Diagnostic tests in KTS should focus on the evaluation of the type, extent, and severity of the malformation. The absence of a clinically significant arteriovenous shunt should be confirmed. A thorough physical examination is complemented by color duplex of the venous system to confirm atresia, hypoplasia, and aneurysms of the deep veins as well as evaluate patency and incompetence of deep, superficial, and perforator veins. Plain X-rays of the long bones (scanogram) are helpful to measure the length of bones. Magnetic resonance imaging (MRI) can differentiate between muscle, bone, fat, and vascular tissue. Contrast venography can be performed through multiple injections in the limb. A tourniquet can be used to force a contrast into the deep system to visualize it. Venography is frequently the only test that can help estimate the degree of deep venous occlusion and the presence of sufficient collateral circulation to permit excision or ablation of large incompetent superficial embryonic veins.

The management of KTS is mostly conservative with a small minority of patients undergoing surgical treatment. The mainstay has been compression therapy in the form of elastic garments, nonelastic bandages, intermittent pneumatic compression and physical therapy using massage treatment. The psychological impact caused by a visible deformity of KTS should not be underestimated. Absolute indications for surgical treatment include hemorrhage, infections, acute thromboembolism or refractory venous ulcers. Relative indications include pain, functional impairment, swelling due to chronic venous insufficiency, limb asymmetry or major cosmetic reasons.

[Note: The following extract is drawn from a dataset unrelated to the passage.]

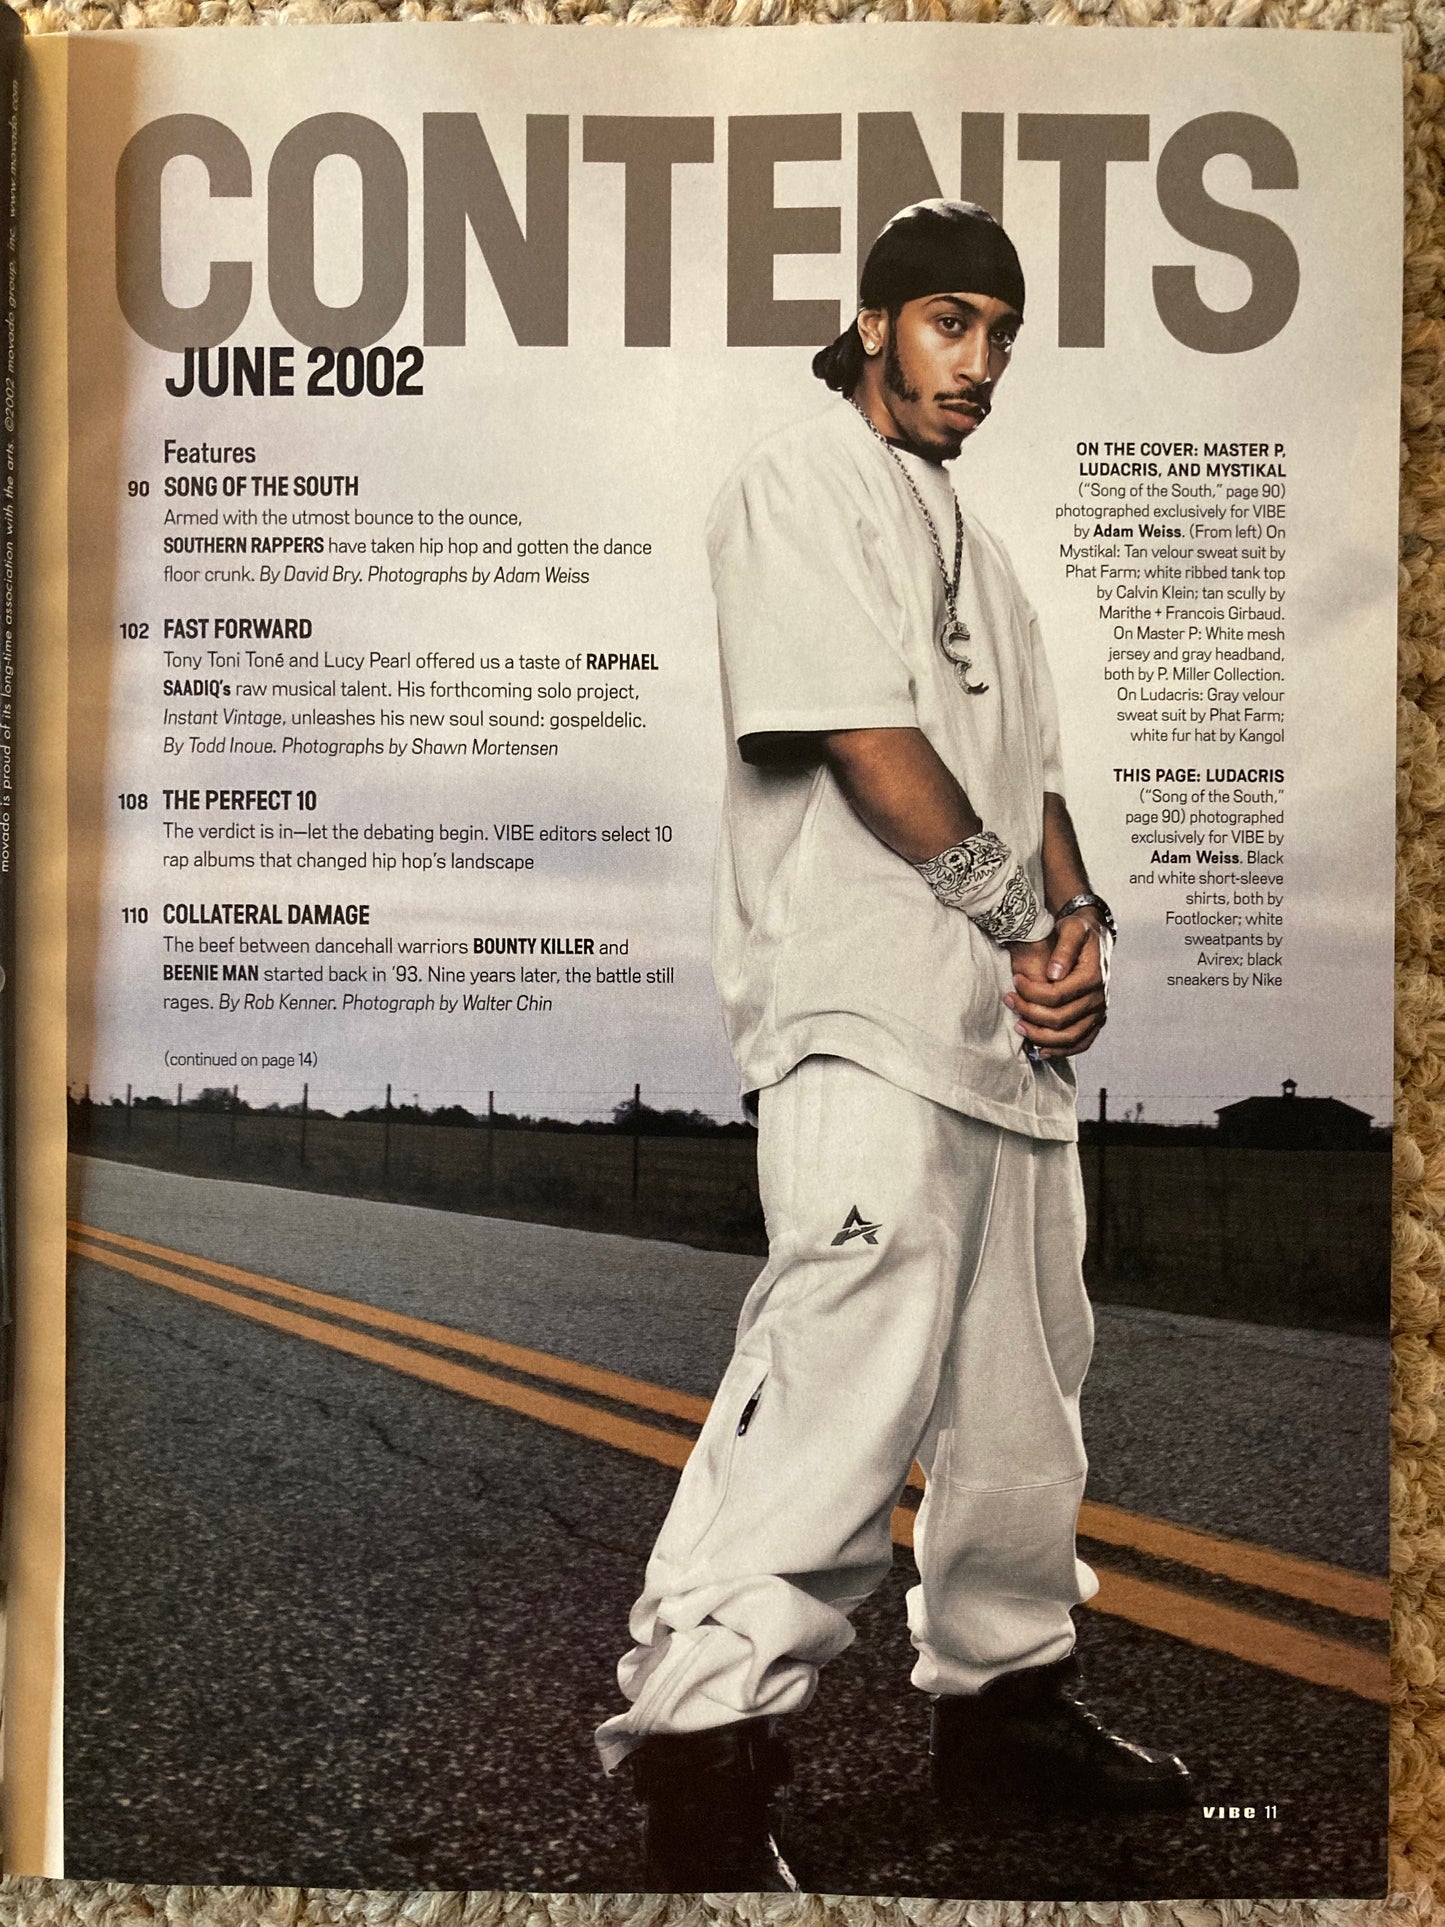 Vibe Magazine June 2002 Mystical/Master P/Ludacris - MoSneaks Shop Online
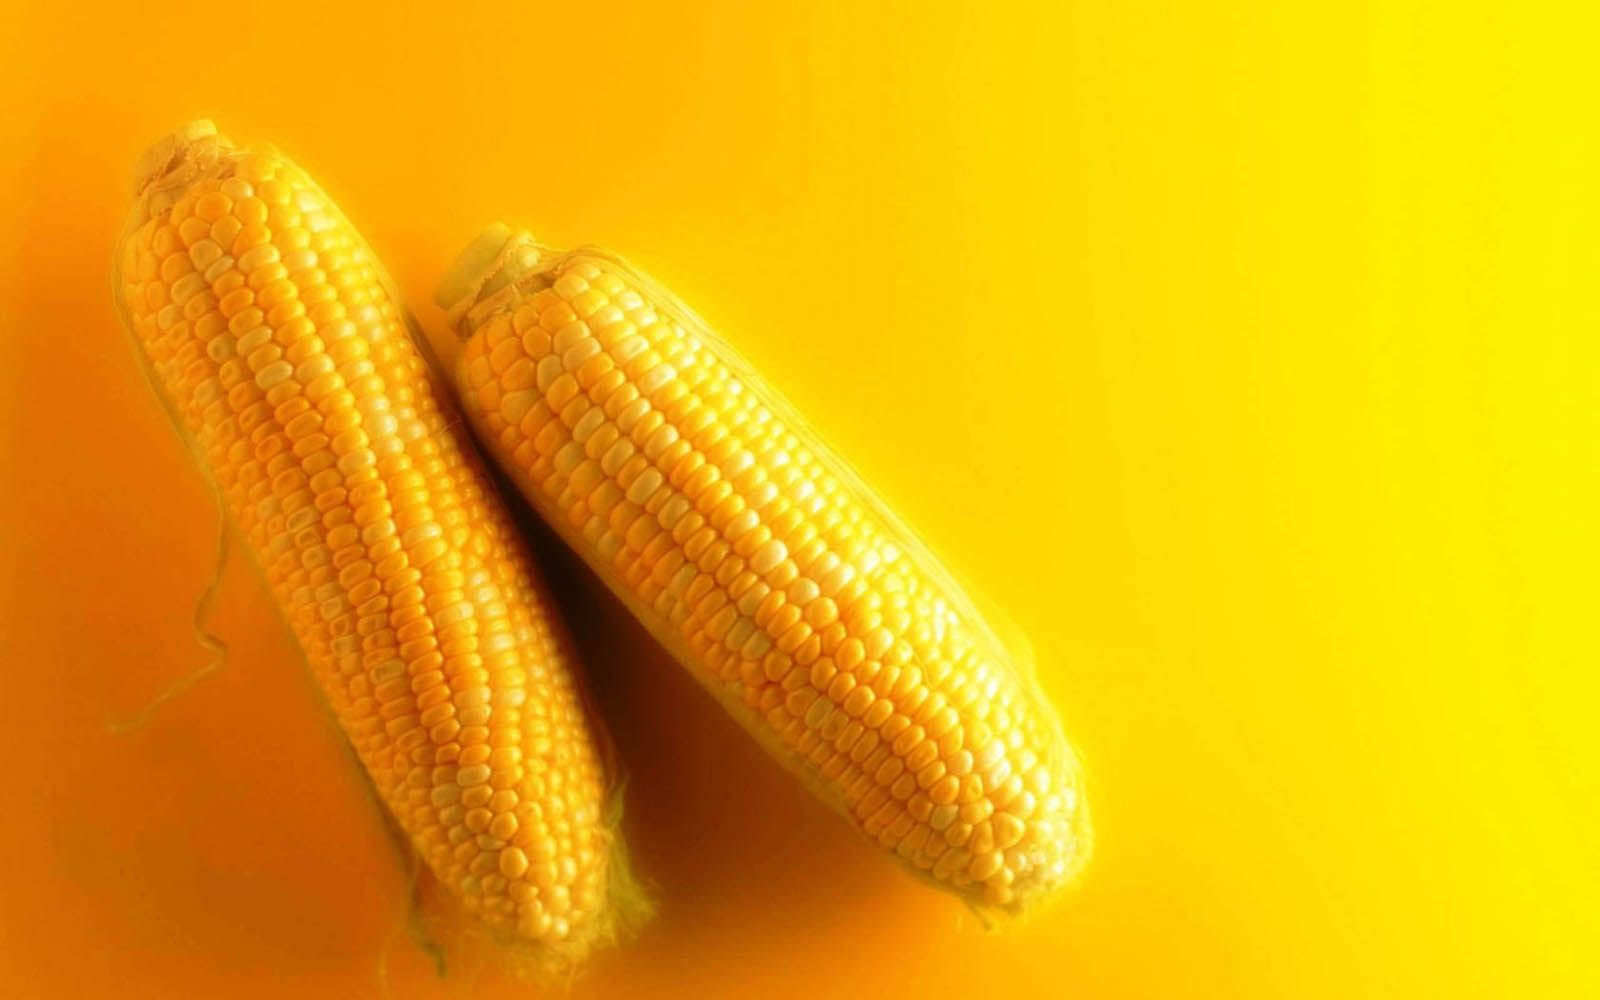 Wallpaper Picture Gallery: Fresh Corn

Intervention is reserved for selectively symptomatic patients with KTS. A careful evaluation must precede any intervention. The extent of malformations and patency of the deep system must be assessed with MRI/conventional phlebography. Patent deep veins must be present in order to excise symptomatic varicose veins. High ligation of the incompetent marginal vein, invagination stripping of long superficial veins and ambulatory phlebectomy through stab wounds are the most commonly used techniques. The use of subfascial endoscopic perforator surgery in patients with large incompetent perforating veins and venous ulcers has been useful and some patients benefit from deep venous reconstructions. Limb exsanguination with Esmarque bandage and tourniquet use help to reduce intraoperative blood loss during varicose vein avulsion or SEPS. Over the last decade, endovenous thermal ablation was gaining popularity and can be safely performed with the use of adequate tumescent anesthesia. In addition, serial alcohol ablation of VMs and liquid/foam sclerotherapy with Polidocanol or Sodium Tetradecyl sulfate for varicose veins are being used as adjunctive techniques with increasing frequency. Lumbar sympathectomy is helpful for occasional severe hyperhidrosis in these patients. The placement of a temporary IVC filter is indicated in patients with a history of pulmonary thromboembolism. Limb amputation remains the last resort in the setting of severe pain, hemorrhage or dysfunction.

Although excision/ablation of varicosities often is incomplete and VMs may recur in 50% of patients, overall clinical improvement is noted in most patients, and re-excision may be performed as indicated. Since KTS is rare and the patients' problems often complex, patients should receive multidisciplinary care in qualified vascular centers.